This sample demonstrates the usage of the `VK_NV_cluster_acceleration_structure` extension for ray tracing geometry built from **clusters**. The extension is part of the **_NVIDIA RTX Mega Geometry_** feature set.

![cluster ray tracing diagram](docs/cluster_ray_tracing.png)

**Clusters - Cluster Acceleration Structures (CLAS)**:
- Contain a group of triangles with a fixed upper limit (e.g 128 triangles, 128 vertices), like meshlets in mesh-shading. The triangles do not have to be connected, though ideally for improved vertex reuse they should. Furthermore, for best performance the triangles should be spatially grouped in such ways that the axis-aligned bounding boxes of clusters minimize overlap among each other.
- CLAS can be referenced when building a bottom level acceleration structure (BLAS). They are not copied in like in a traditional triangle BLAS, which allows more memory control and re-use across BLAS in cluster-based level of detail schemes. They **do not** support additional transforms.
- CLAS can be built, but cannot be updated. There is, however, an optimized way to create them through **cluster templates**.

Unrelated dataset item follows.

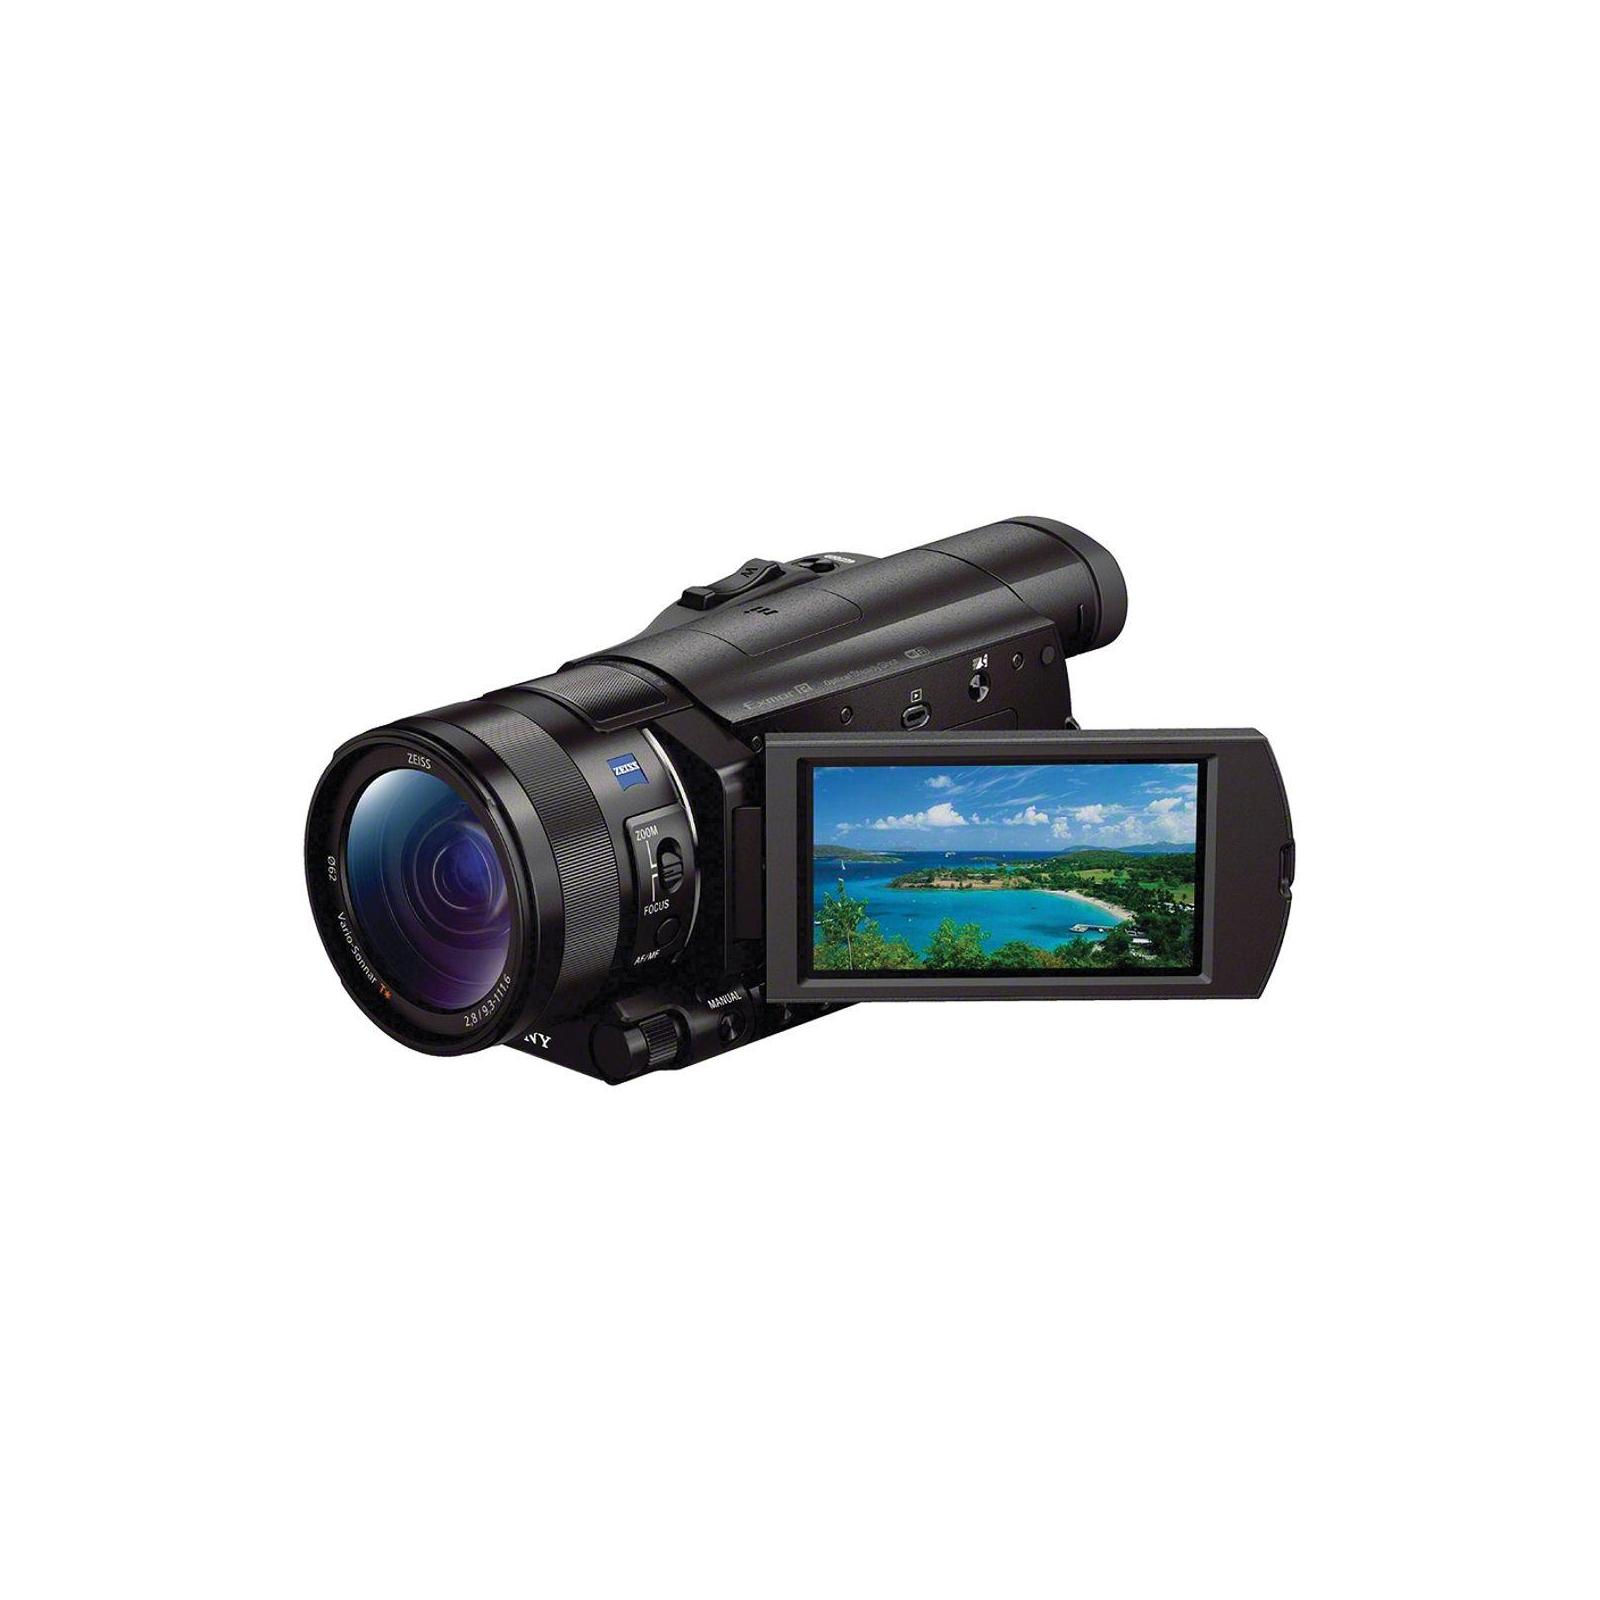 Цифровая видеокамера Sony Handycam FDR-AX700 Black (FDRAX700B.CEE) изображение 4
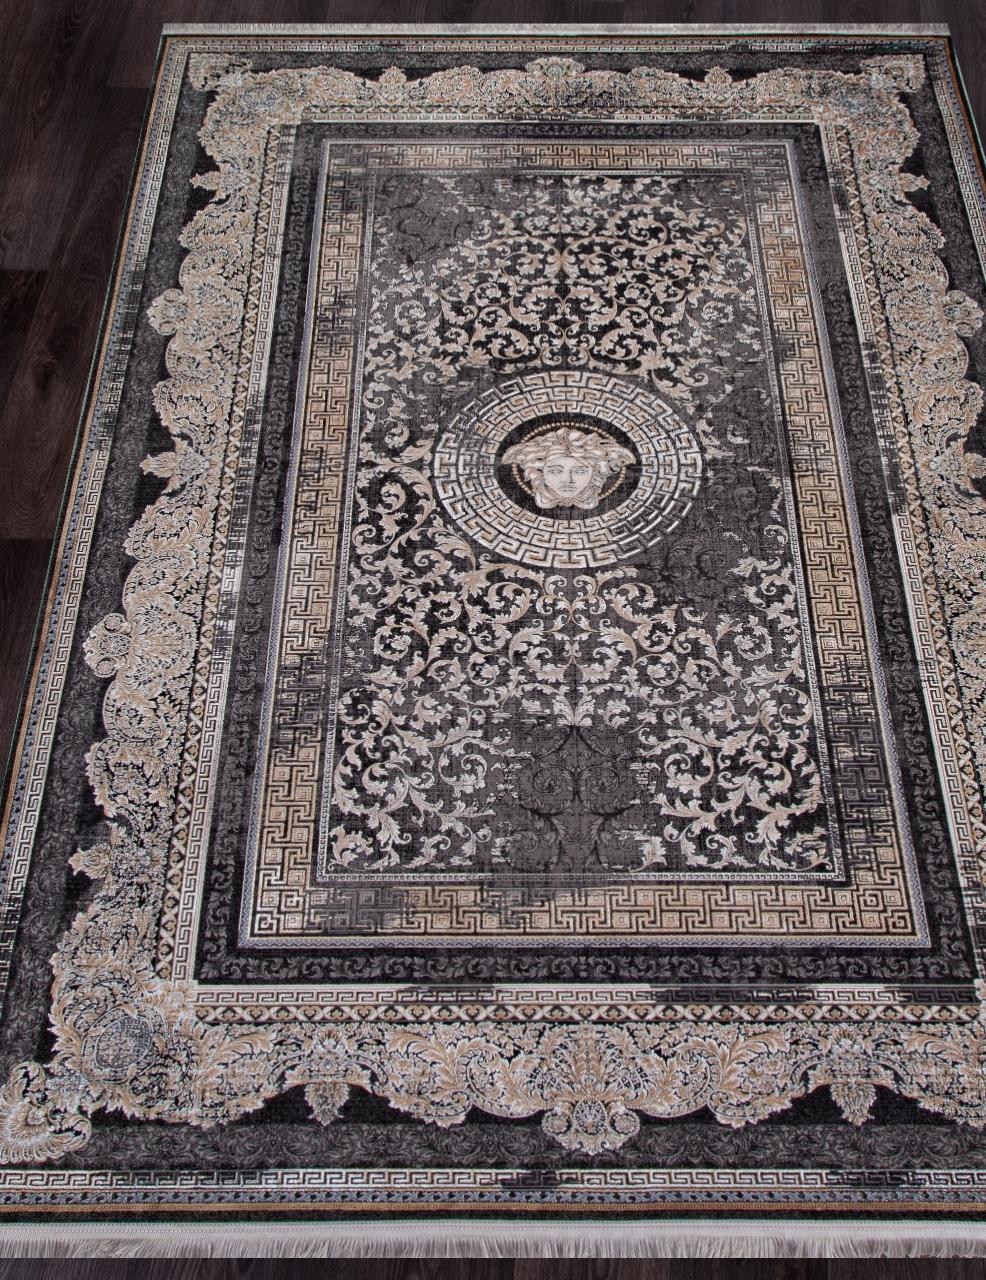 Ковер 90145 - 000 - Прямоугольник - коллекция MUSKAT 1200

When the animation is active, the sample also highlights the benefits of **cluster templates** to improve performance of updating ray tracing geometry.

**Cluster templates**:
- Store the topological information of a cluster, and can be built once, then re-used.
- Are used to **instantiate clusters** by combining a cluster template with vertex data. This is a key feature to faster animation updates as it speeds up CLAS creation time.
- Can benefit from providing reference vertices and or bounding box information. They will not store these vertices, and instantiated vertices remain compatible as long as they fit in the bounding box, if one was provided.


CLAS were designed foremost to speed up BLAS builds in a GPU-driven pipeline. They do not fully replace traditional triangle list based BLAS, especially for static content, as the triangle BLAS can provide better ray intersection performance. You can observe this in this sample as well: using clusters may render slower with higher numbers of ambient occlusion samples. This may offset the benefits of the faster builds, although, in the general use-case for real-time ray tracing it should be fine and the sample's simple shading stresses intersection performance.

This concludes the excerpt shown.